In technical terms, the Apply Request Value Phase is the phase during which the conversion of values to their appropriate type will happen. If the conversion process succeeds, then the submitted values are validated against the Validators defined. If either Conversion or the Validation fails, then the form is re-displayed in which case the model values that are associated for each UI Component would not be updated. It gives a chance to the user to re-enter the values.
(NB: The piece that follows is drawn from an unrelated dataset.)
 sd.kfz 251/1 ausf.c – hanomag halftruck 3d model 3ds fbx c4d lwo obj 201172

If the user enters the right value, and if the Conversion and the validation succeeds, then the Model values are updated.

3) Standard Converters

3.1) Introduction

In this section, let us see the different standard Converters that comes bundled with JSF Implementation along with some sample code snippets.
The following are the standard Converters available in JSF.
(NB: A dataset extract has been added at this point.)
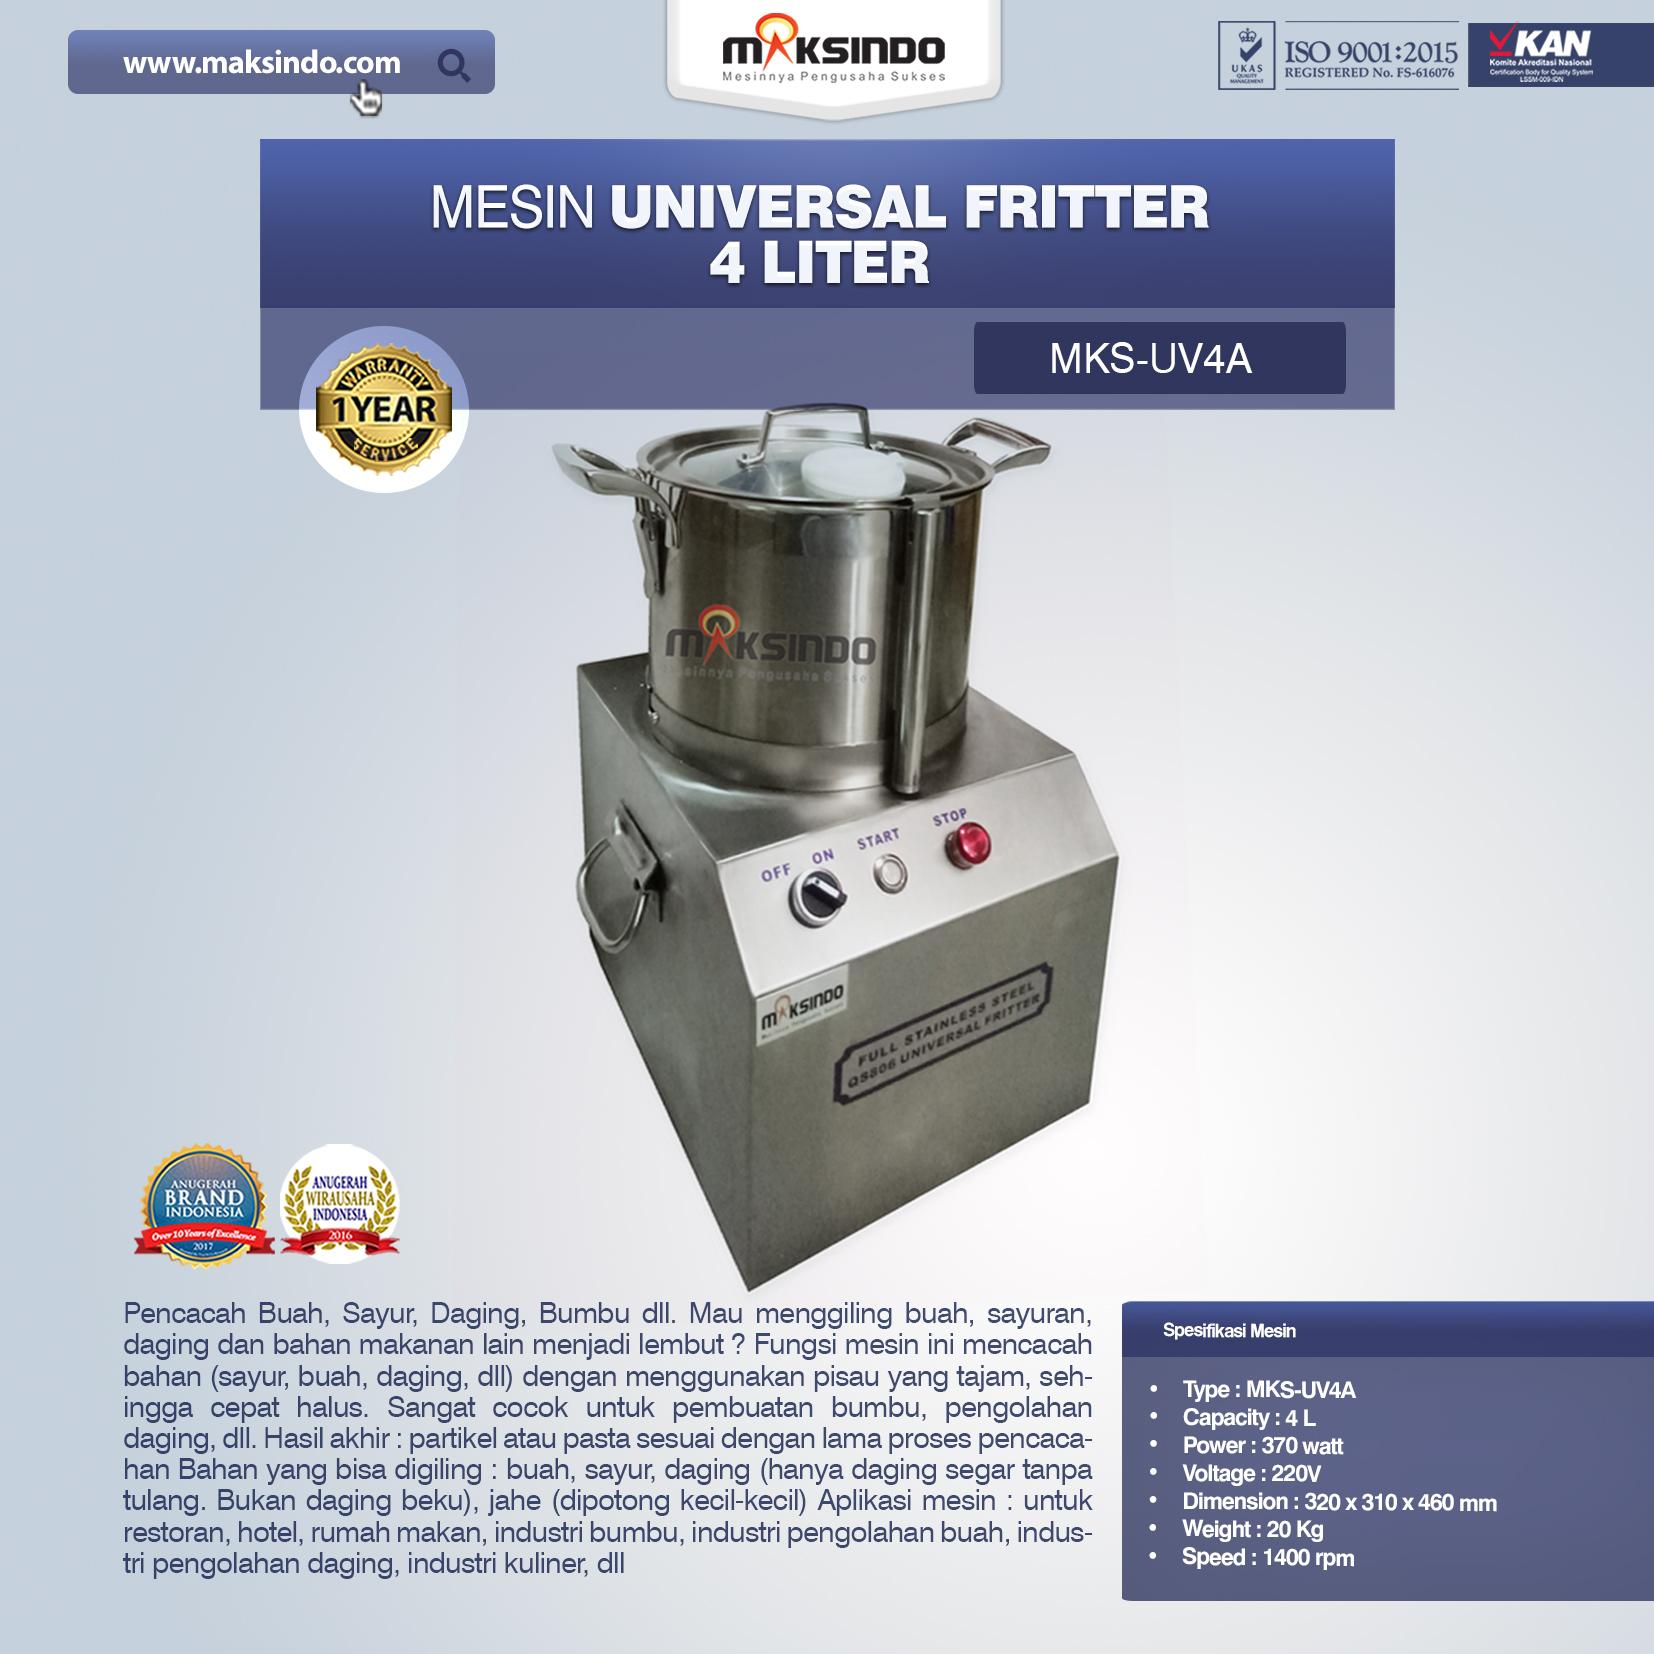 Jual Universal Fritter 4 Liter (MKS-UV4A) di Bali

  • BigDecimalConverter – Used to convert the user input string values into values of type java.math.BigDecimal
  • BigIntegerConverter – Used to convert the user input string values into values of type java.math.BigInteger
  • BooleanConverter – Used to convert the user input string values into values of type java.lang.Boolean
  • ByteConverter – Used to convert the user input string values into values of type java.lang.Byte
  • CharacterConverter – Used to convert the user input string values into values of type java.lang.Character
  • DateTimeConverter – Used to convert the user input string values into values of type java.util.Date with a default format.
  • DoubleConverter – Used to convert the user input string values into values of type java.lang.Double
  • EnumConverter – Used to convert the user input string values into values of type java.lang.Enum
  • FloatConverter – Used to convert the user input string values into values of type java.lang.Float
  • IntegerConverter – Used to convert the user input string values into values of type java.lang.Integer
  • LongConverter – Used to convert the user input string values into values of type java.lang.Long
  • NumberConverter – Used to convert the user input string values into values of type java.lang.Number
  • ShortConverter – Used to convert the user input string values into values of type java.lang.Short

3.2) Code Snippets

In this section, let us see code snippets that make use of the standard converters.
The following code defines a Number Converter which formats and displays the number in currency format. Depending on the locale set for this Application, it displays the currency symbol along with value. For example, it may display $1999, if the locale is pointing to US.

<h:inputText id="salary" value="#{testBean.salary}"
             required="true">
    <f:convertNumber type="currency"/>
</h:inputText>

By specifying the type as 'percentage', the display value will have a '%' symbol followed by the original value.

<h:inputText id="discount" value="#{testBean.discount}"
            required="true">
    <f:convertNumber type="percent"/>
</h:inputText>

For formatting date and time, we have to set the type as 'date'. Whether the style of the date to displayed (short, medium, long) is specified in the 'dateStyle' attribute.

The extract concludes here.